Subsequently, we looked at the absolute immunovariable levels post vaccination because we assumed that the overall effect of vaccination might have an influence on outcome – independent of the relative change. To take the different number of vaccinations given across patients and potential time kinetics into account, we used all available post-vaccination time points (from all available patients; n=patients).
As a result, we noticed that several variables measured after vaccination were indeed connected with clinical outcome: Post-vaccination ELISPOT IFNγ production significantly correlated with OS (Pearson correlation, p = 0.022, Fig. 5a) and could significantly separate survival curves (Kaplan-Meier analysis, p = 0.003, Fig. 5a).
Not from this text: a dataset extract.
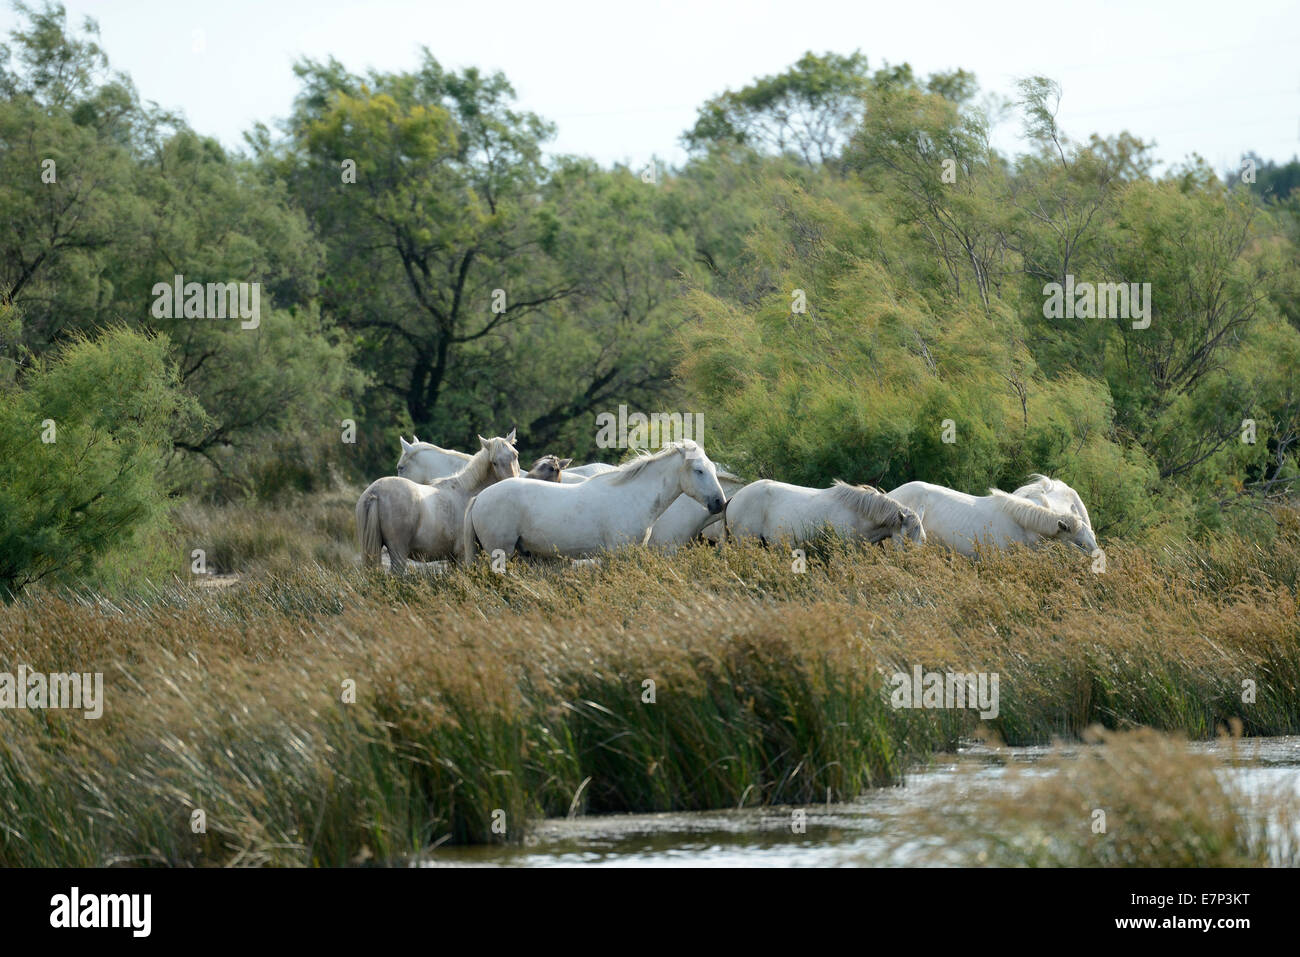 Europe, France, Languedoc- Roussillon, Camargue, wetland, nature, wild horses, herd Stock Photo
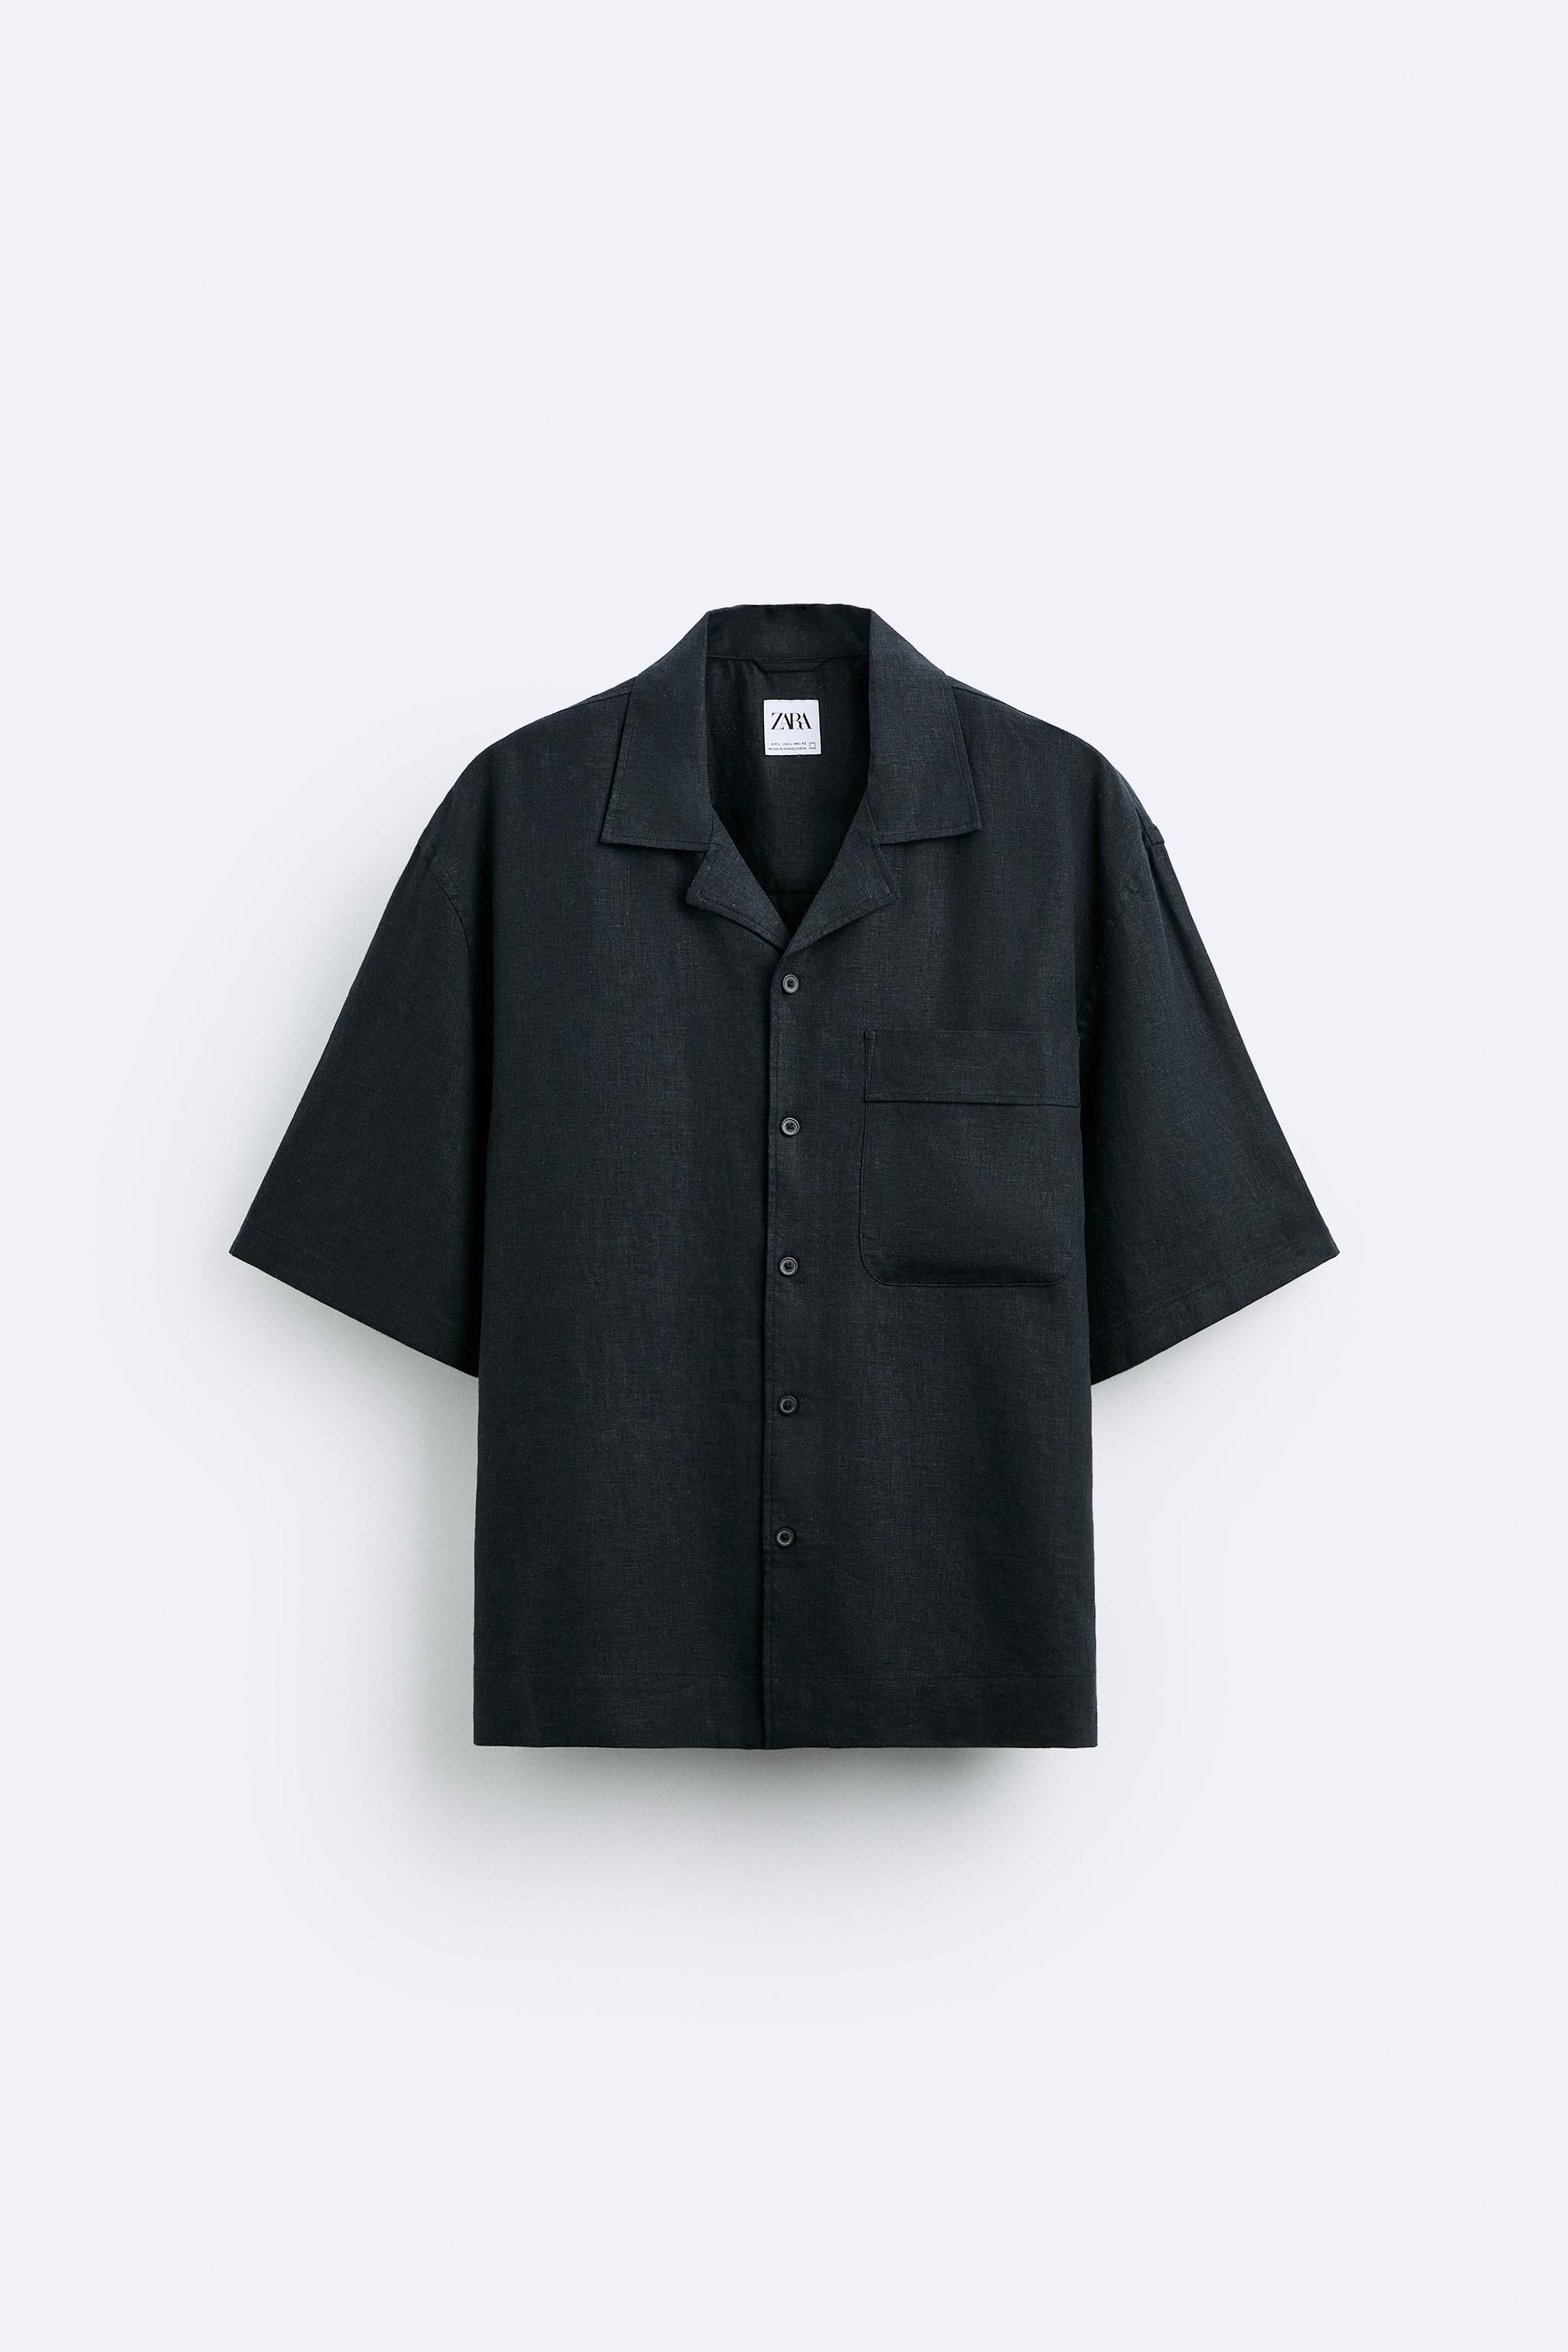 Рубашка Zara Viscose/linen Blend, черный рубашка zara linen cotton blend синий

Similarly, post-vaccination CD8+ cell abundance in the blood correlated with OS (Pearson correlation, p = 0.026, Fig. 5b) and separated survival curves (Kaplan-Meier analysis, p < 0.001, Fig. 5b). Monocyte levels post vaccination showed the same association with OS (Pearson correlation: p < 0.001, Kaplan-Meier analysis: p = 0.008, not shown). Interestingly, this was also true for activated NK cells (Pearson correlation: p = 0.042, Kaplan-Meier analysis: p = 0.024, not shown). In an additional analysis that looked at the data from yet another angle (assuming the post-vaccination average of all time points as the relevant overall post-vaccination level), we registered that CD8+B7H1+ cells and CD4+B7H1+ cells correlated significantly with OS (Pearson correlation, p<0.001 for both) but could not separate survival curves (Kaplan-Meier analysis, CD8+B7H1+ p=0.219, CD4+B7H1+ p=0.085). All further post-vaccination results see Additional file 1: Table S4.
(Q1 + Q2 + Q3) Integration: Patients with “high” immune-capabilities showed better outcome under Audencel
Finally, we studied whether patients with generally “high” anti-tumor immune-capabilities were more likely to benefit from DC vaccination. Our assumption was that the single variables we had found previously could be condensed to one overall illustrative measure. Thus, we integrated prior insights into one parameter via a scoring system. To allow potential future usage as a clinical biomarker, we exclusively used pre-vaccination variables from the blood for that score. Up to 9 points were awarded for individual immunovariables and added up: “high” anti-tumor immune-capabilities were arbitrarily defined as 5–9 points, “low” immune-capabilities arbitrarily as 1–4 points. 1 point each was awarded for high levels (above the median) of Th1 indicators, IFNγ, GranzB, CD8+ cells and monocytes; 0 points were given for high levels of Tregs or low levels of all the other variables mentioned – again relative to the median (Additional file 1: Figure S3). Consequently, 12 of the treatment patients were classified as having “high” and 31 as having “low” capabilities.
As a result, we could observe that patients with “high” anti-tumor immune-capabilities had a significantly better outcome in terms of PFS (Kaplan-Meier analysis, p < 0.001, Fig. 6a) as well as OS (Kaplan-Meier analysis, p = 0.014, Fig. 6b). In the control group, only data from 7 patients were available for this analysis: no association with survival was registered for “high” immune-capabilities (p = 0.695, Additional file 1: Figure S4).
Also, we checked whether patients with “high” immune-capabilities before vaccination were the ones that showed altered levels of immunovariables after vaccination. This was not the case. We found no significant difference in all relevant variables after vaccination between patients with “high” or “low” immune system-capabilities before vaccination (Additional file 1: Figure S5). Patients with “high” variable levels after vaccination were not necessarily the same patients that had “high” immune system-capabilities before vaccination.